Please help....
The figure is not drawn to scale. It shows two squares. the total area of two squares is 65 sq cm. the length of the smaller square is more that half the length of the larger square. given that the length of each square is a whole number, find the length of each square.
I did this for you
Always check back before reposting the same question.
a = the length of the larger square
b = the length of the smaller square
a ^ 2 + b ^ 2 = 65
Possible combinations :
a = 1 , b = 8 , a ^ 2 + b ^ 1 = 1 ^ 2 + 8 ^ 2 = 1 + 64 = 65
But the length of the smaller square is greater of the length of the larger square.
You must reject this solution.
a = 4 , b = 7 , a ^ 2 + b ^ 1 = 4 ^ 2 + 7 ^ 2 = 16 + 49 = 65
But the length of the smaller square is greater of the length of the larger square.
You must reject this solution.
a = 7 , b = 4 , a ^ 2 + b ^ 1 = 7 ^ 2 + 4 ^ 2 = 49 + 16 = 65
This is correct solution.
The length of the smaller square is more that half the length of the larger square.
4 > 7 / 2
4 > 3.5
a = 8 , b = 1 , a ^ 2 + b ^ 1 = 8 ^ 2 + 1 ^ 2 = 64 + 1 = 65
But the length of the smaller square is less that half the length of the larger square.
You must reject this solution.
Solution :
a = 7 cm , b = 4 cm
To find the length of each square, let's assume the length of the larger square is x cm.
According to the problem, the length of the smaller square is more than half the length of the larger square.
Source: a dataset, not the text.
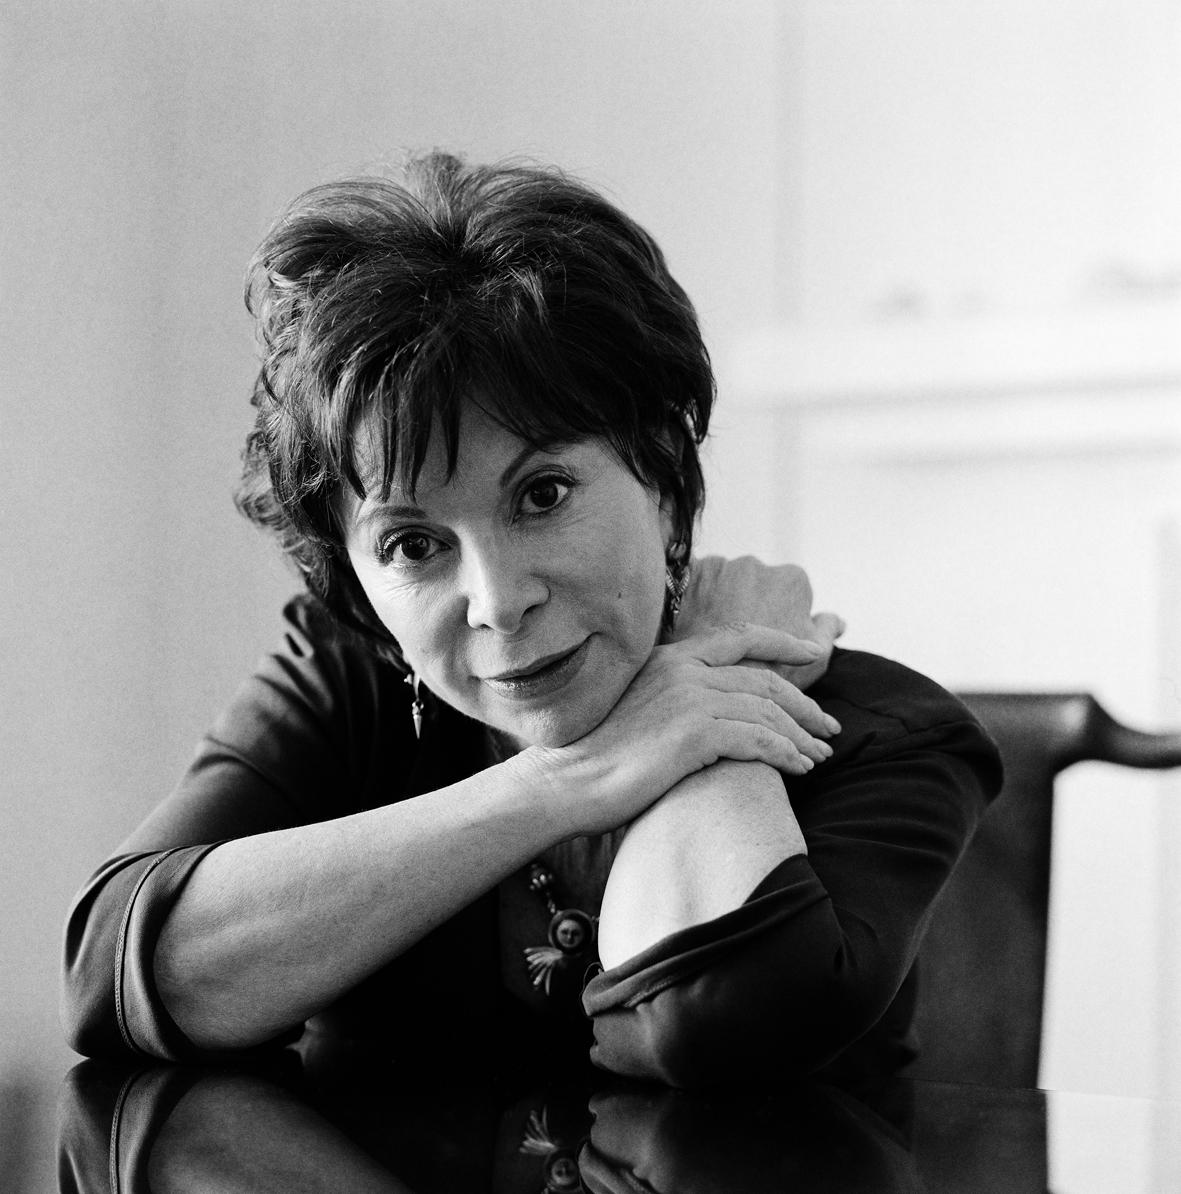 Magical realsim author Isabel Allende

So, the length of the smaller square can be represented as (x/2) + 1 (since we're told that the length is a whole number).
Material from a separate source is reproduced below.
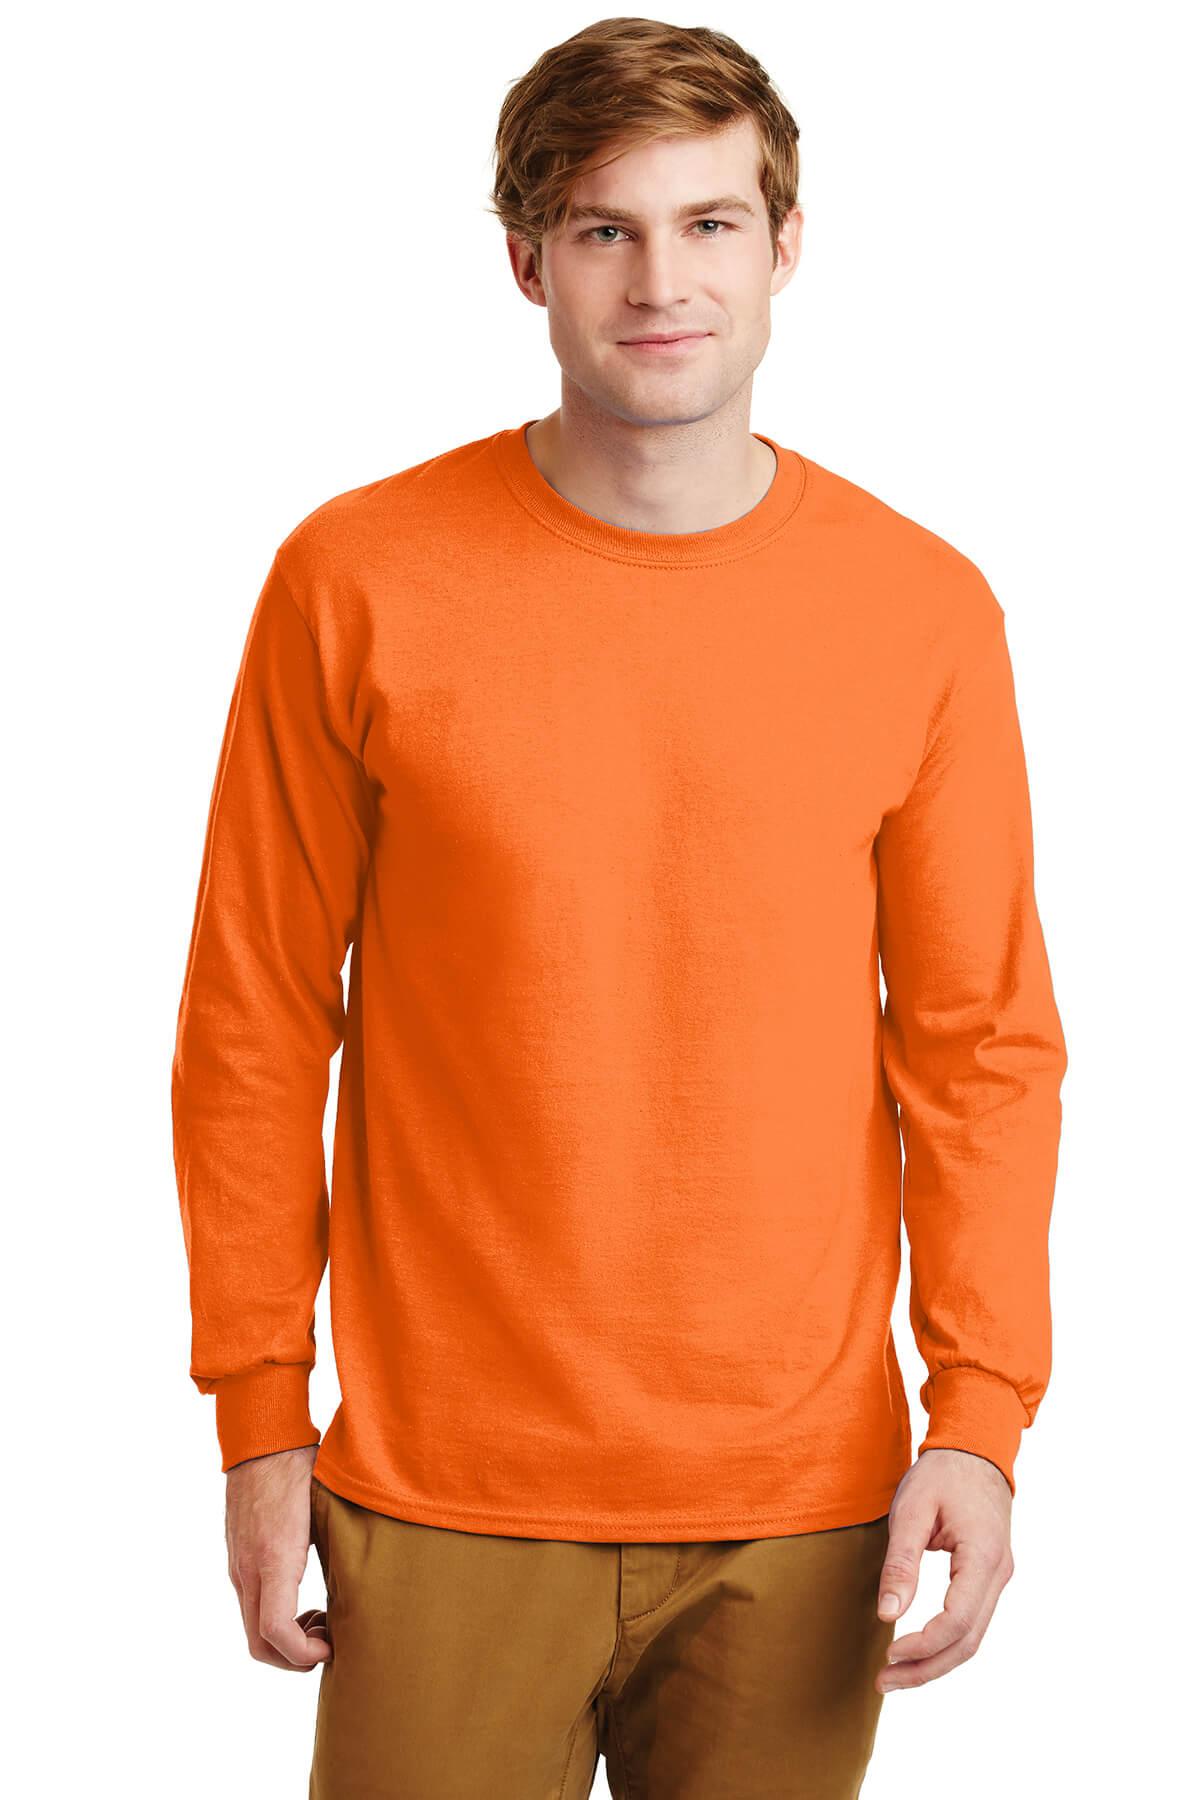 g2400-southern-orange-2

The area of a square is given by the formula: area = side^2.
So, the area of the larger square is x^2 cm^2, and the area of the smaller square is ((x/2) + 1)^2 cm^2.
According to the problem, the total area of the two squares is 65 cm^2:
x^2 + ((x/2) + 1)^2 = 65
Expanding and simplifying the equation:
x^2 + (x^2/4) + x + 1 = 65
Multiplying the entire equation by 4 to get rid of the fraction:
4x^2 + x^2 + 4x + 4 = 260
Combining like terms:
5x^2 + 4x + 4 = 260
Rearranging the equation:
5x^2 + 4x - 256 = 0
To solve this quadratic equation, you can use factoring, the quadratic formula, or completing the square. Factoring this equation may not be straightforward, so let's use the quadratic formula:
x = (-b ± √(b^2 - 4ac)) / (2a)
Plugging in the values:
x = (-(4) ± √((4)^2 - 4(5)(-256))) / (2(5))
Simplifying:
x = (-4 ± √(16 + 5120)) / (10)
x = (-4 ± √5136) / 10
x ≈ (-4 ± 71.66) / 10
x ≈ (-4 + 71.66) / 10 OR x ≈ (-4 - 71.66) / 10
Now, we have two possible values for x:
x ≈ 67.66 / 10 OR x ≈ -75.66 / 10
Since the length cannot be negative, we will consider only the positive value.
x ≈ 6.77
Now we know the length of the larger square is approximately 6.77 cm.
To find the length of the smaller square, we can substitute this value back into the equation we derived earlier:
Length of smaller square = (6.77/2) + 1
Length of smaller square ≈ 3.385 + 1
Length of smaller square ≈ 4.385
Since the length is required to be a whole number, we round up to the nearest whole number:
Length of smaller square ≈ 5 cm
Thus, the length of the larger square is approximately 6.77 cm, and the length of the smaller square is 5 cm.